Well, he also named Einstein and a couple of physicists, but I have no idea why a theoretical physicist from eighty years ago would have anything meaningful to say about the nature of consciousness. He didn't study it. He just made some philosophical comments. And he had far less experimental information to work with than we do now.

He named them because they were mentioned in the film to which he linked. As I wrote earlier, those films followed a common practice of quote-mining prominent physicists and interpreting the remarks in a spiritualist sense the physicists did not intend.

Other factors apply. Einstein never said a fair amount of the things commonly attributed to him, or at best said something materially different. And conversely, Einstein acquired the status of "celebrity physicist" and, as such, was called upon in popular contexts to comment on philosophical subjects that were not connected in any way with his scientific studies.

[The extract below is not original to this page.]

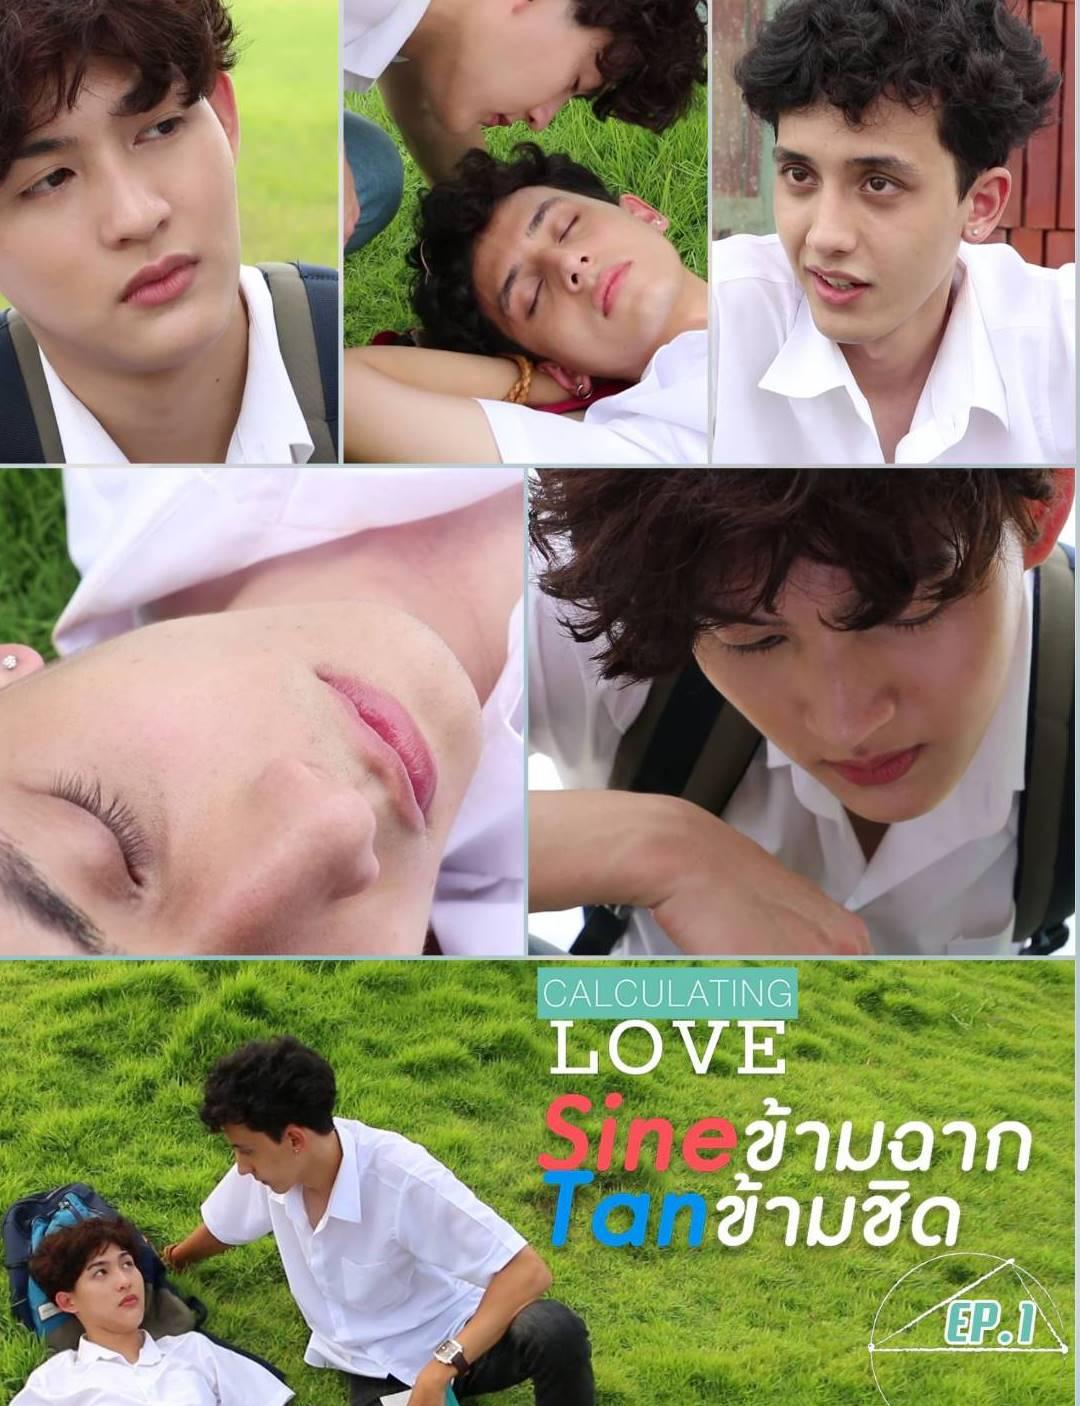 >ซีรี่ย์ไทย Calculating Love (2020) Sineข้ามฉาก Tanข้ามชิด ตอนที่ 1-6 พากย์ไทย

As we've seen several times -- not just here -- whenever the subject of dualism comes up, out come the standard handwaving references to well-known physicists and handwaving displays of egregious misunderstanding of esoteric physical sciences such as quantum mechanics.
 
Should Jabba be surprised to find himself in a branch in which he exists?

Good question.

An extreme implication of the Everett interpretation is that every possible universe exists, and that's what Everett believed. Under that interpretation, it could be argued that Jabba shouldn't be surprised that he exists, if we make certain assumptions about identity and spacetime.

But what's going to really piss off you guys is, under the same extreme interpretation, there are inevitably branches of the wave function in which Jabba lives a ridiculously long time. Long enough to be rejuvenated by futuristic science. Thereafter, there would be many branches in which Jabba gets killed off, but many other branches where he escapes unscathed. The good news is, that run of Jabba-luck almost certainly will not happen in your branches.

I don't know how long this could go on. To make matters worse, there may already be branches where science has already advanced rapidly and Jabba has already been genetically re-engineered.

Fortunately for you materialists, it's going to be very difficult to prove conclusively that this is the kind of universe we're in. But people are working on it.